Louis XVI n'avait plus qu'un moyen de s'ouvrir le chemin de la frontière, c'était de fléchir, par la douceur, les hommes qui le retenaient prisonnier. Le roi se jette dans les bras de M. Sausse, en l'implorant; la reine, demi-agenouillée, lui présente le dauphin; le procureur est inébranlable. Marie-Antoinette tente alors de fléchir le coeur de Mme Sausse: celle-ci se retranche derrière ses devoirs de mère, d'épouse et de citoyenne.--«Sire, je voudrais vous obliger, reprend le marchand de chandelles; mais la nation passe avant le roi. Si vos infortunes et vos larmes me touchent, je redoute aussi pour le pays les suites de ce voyage; les calamités publiques et la guerre civile me remuent encore plus le coeur que les désastres d'une famille. Quelle serait cette sensibilité aveugle, cruelle, qui aurait des yeux et des entrailles pour quelques augustes personnes, et qui ne regarderait pas au sort de plusieurs millions d'hommes? Je suis sujet de la Constitution; elle m'ordonne de vous arrêter.»
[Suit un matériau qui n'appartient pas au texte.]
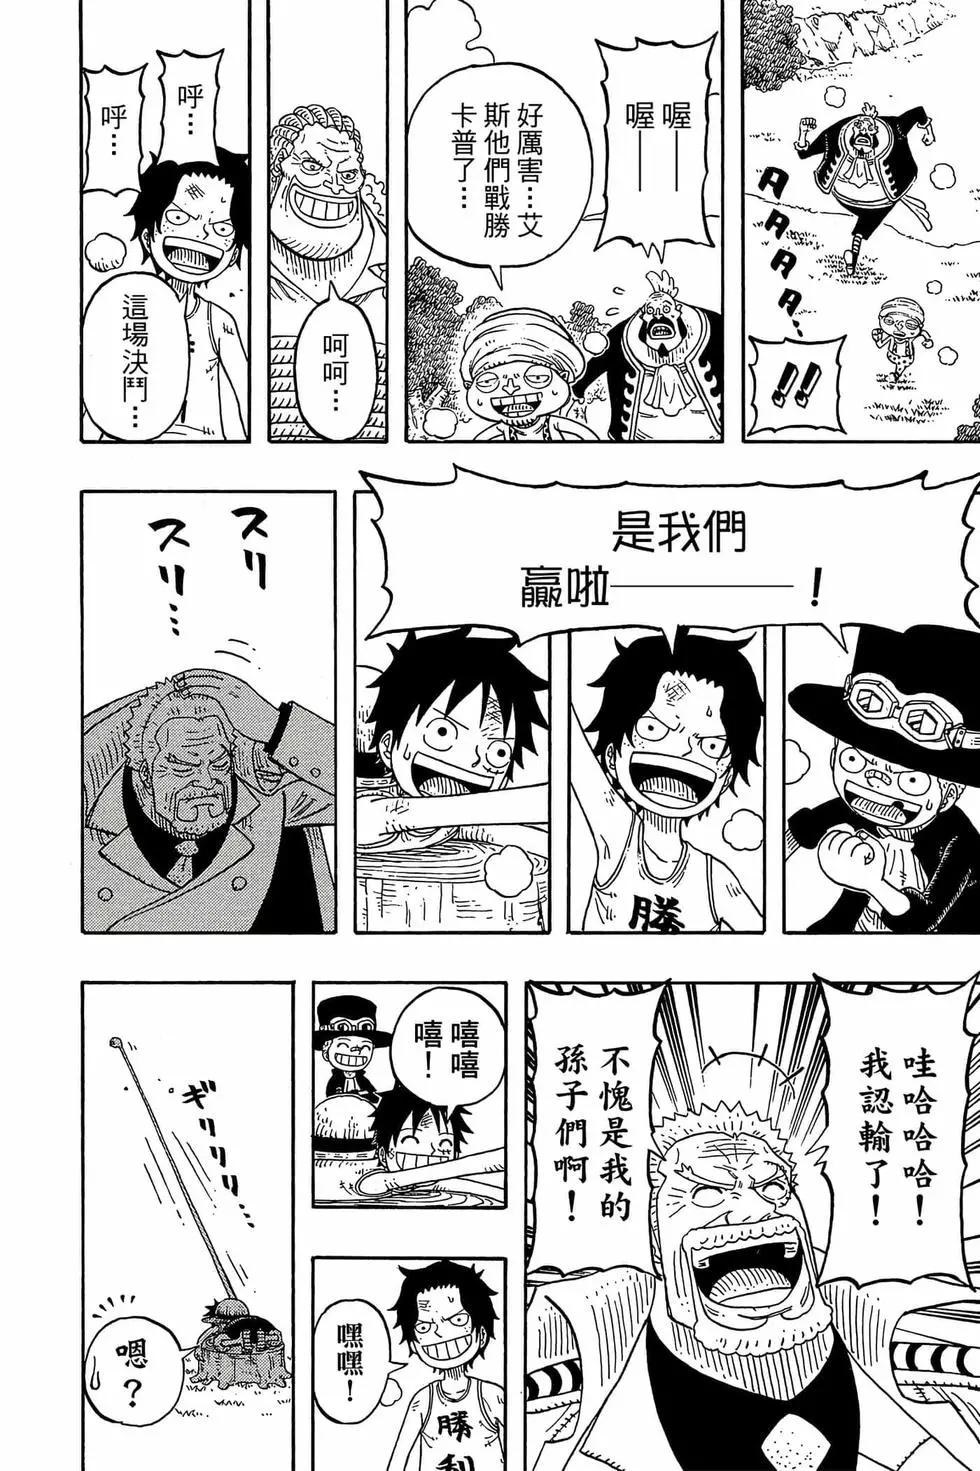 One piece party - 第03卷(2/4) - 7

Le jour, si matinal au mois de juin, commençait à éclairer la misérable échoppe qui avait servi de Louvre, cette nuit-là, à un roi fuyard et à une dynastie vagabonde. Les enfants dormaient d'un mauvais sommeil, durant lequel retentissaient, à travers leurs rêves, des pas de chevaux, des cris, des cliquetis d'armes. Toutes les cloches du canton répandaient dans les airs leurs tintements redoublés. La reine, que cette sombre musique impatientait, s'écria: «Quand auront-ils donc fini leurs bruits détestables?--Madame, répondit Sausse gravement, c'est le bruit de toute la France!»

Cependant un des affidés de Bouillé, voyant les hussards mêlés à la foule qui couvre la place, tente une dernière fois de faire appel à leur dévouement: «Hussards, leur crie-t-il, tenez-vous pour la nation ou pour le roi?--Pour la nation!» répondent d'une seule voix les soldats. La question ainsi posée décidait du sort de la monarchie: le roi de France n'était plus qu'un étranger dans son royaume.